Top of Extracted data
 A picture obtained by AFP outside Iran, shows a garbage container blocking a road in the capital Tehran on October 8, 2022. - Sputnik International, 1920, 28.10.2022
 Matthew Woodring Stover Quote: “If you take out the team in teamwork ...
Bottom of Extracted data
Top of Extracted data
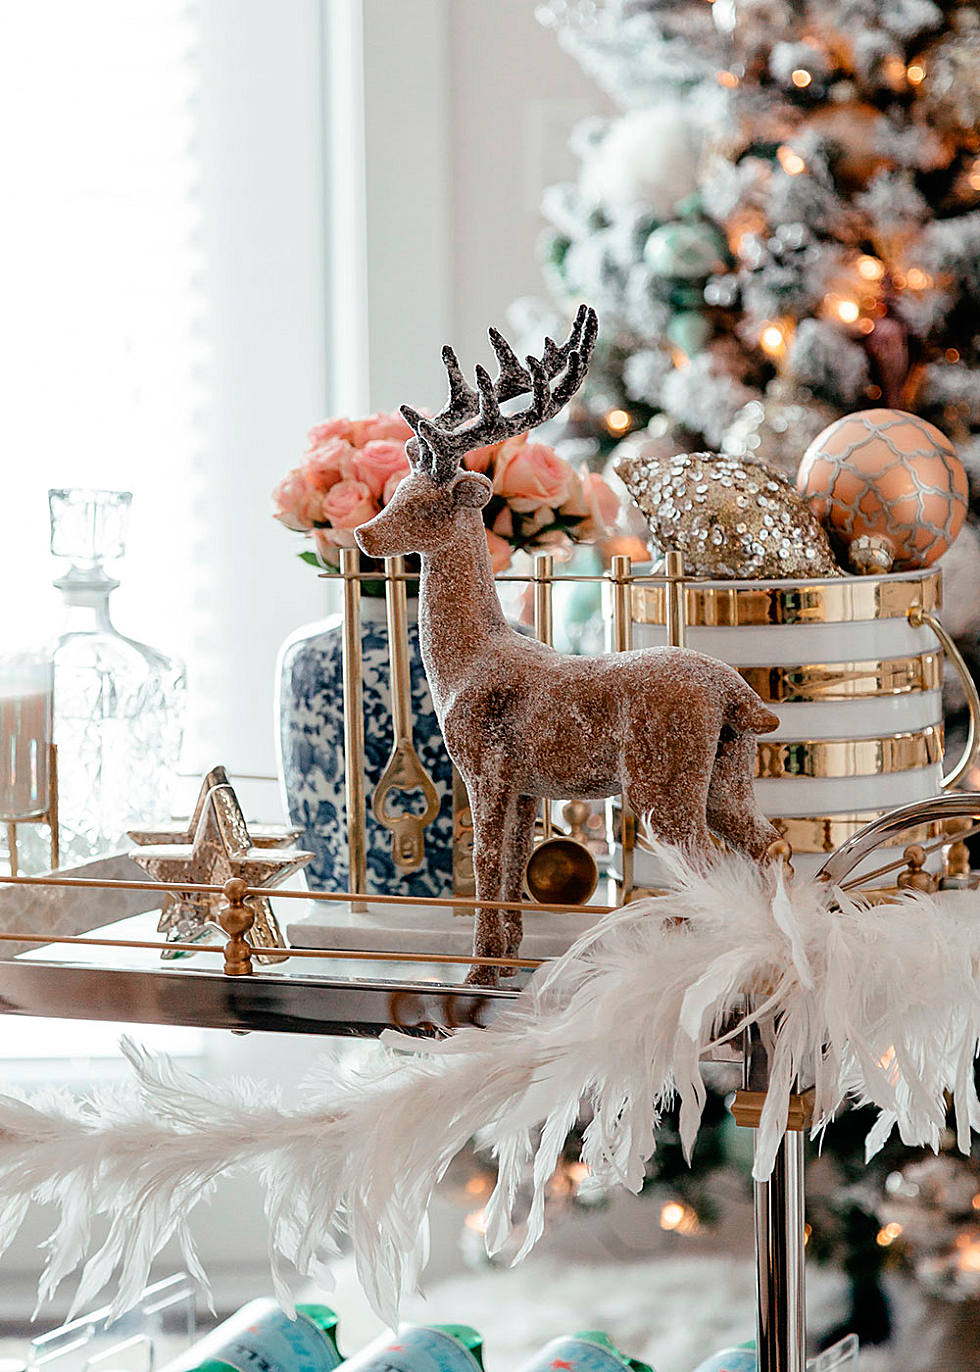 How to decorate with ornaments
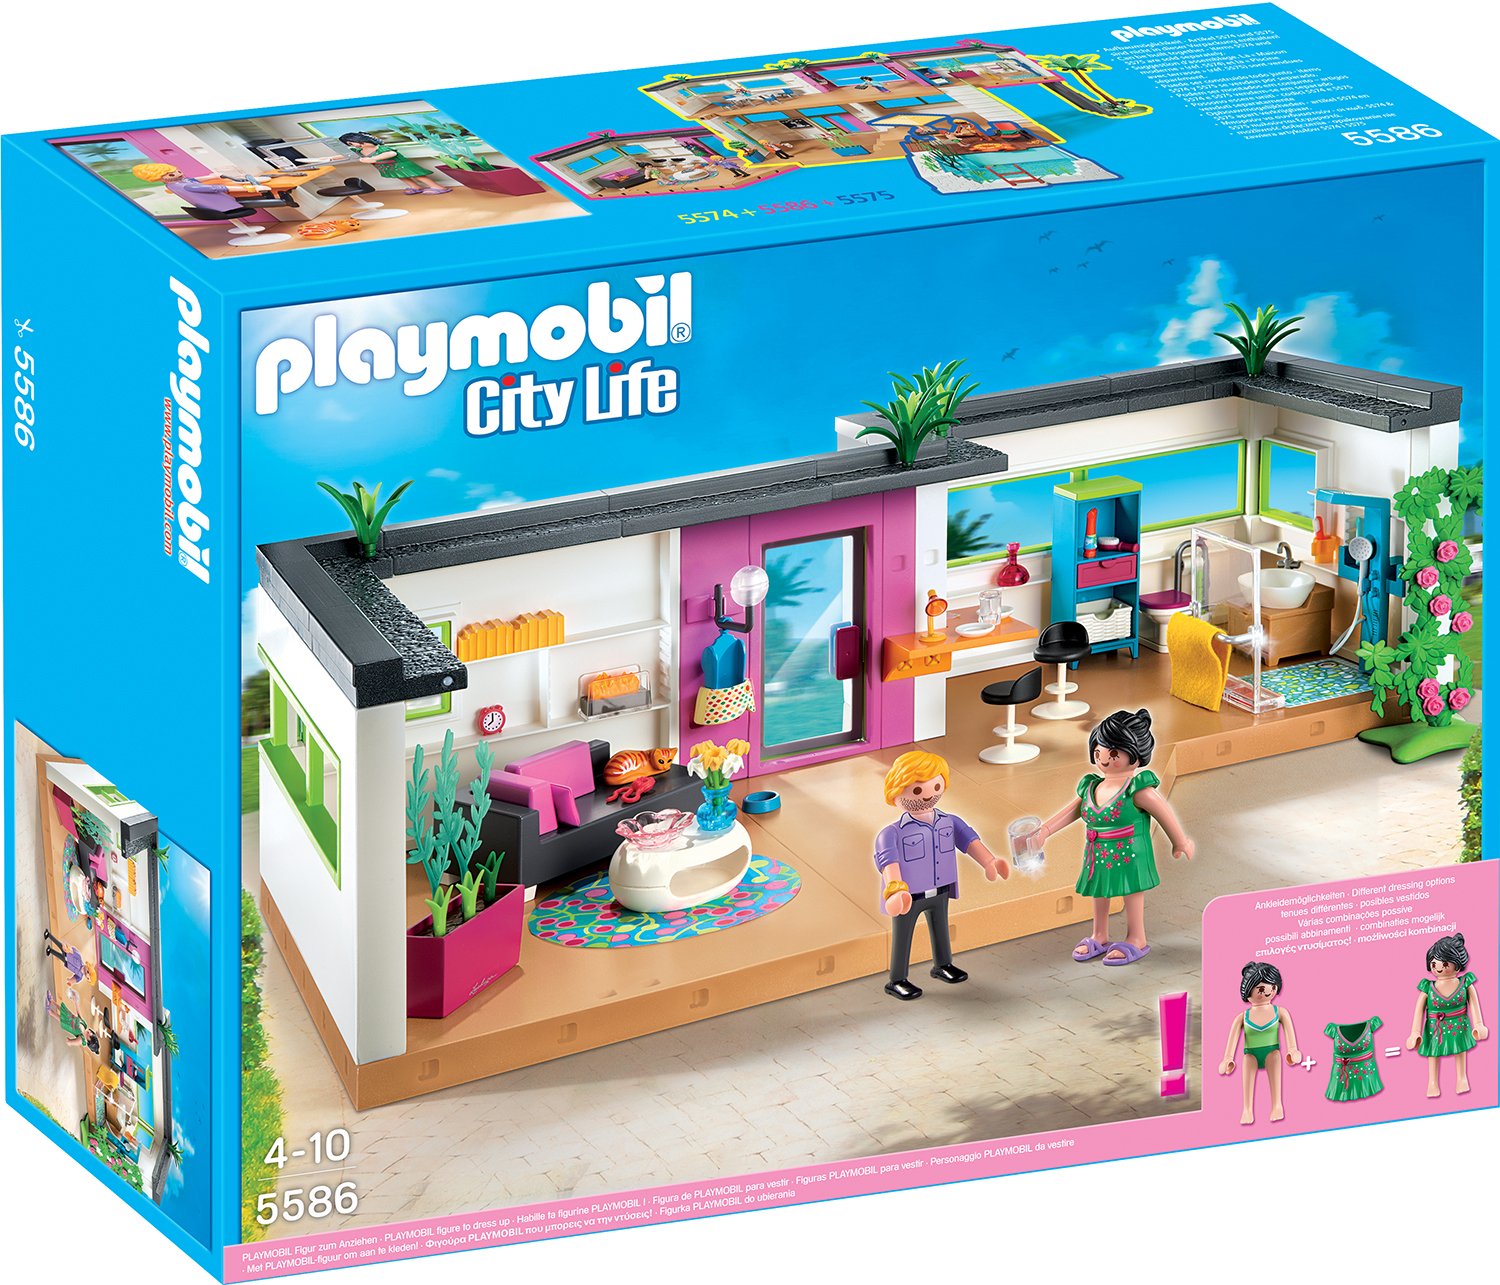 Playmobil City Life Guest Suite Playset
Bottom of Extracted data
:: What to work on ::
Where the line holding "A picture obtained" appears in the listing above, start reproducing exactly, and end with the line holding "Matthew Woodring Stover".

:: Solution to the exercise ::
 A picture obtained by AFP outside Iran, shows a garbage container blocking a road in the capital Tehran on October 8, 2022. - Sputnik International, 1920, 28.10.2022
 Matthew Woodring Stover Quote: “If you take out the team in teamwork ...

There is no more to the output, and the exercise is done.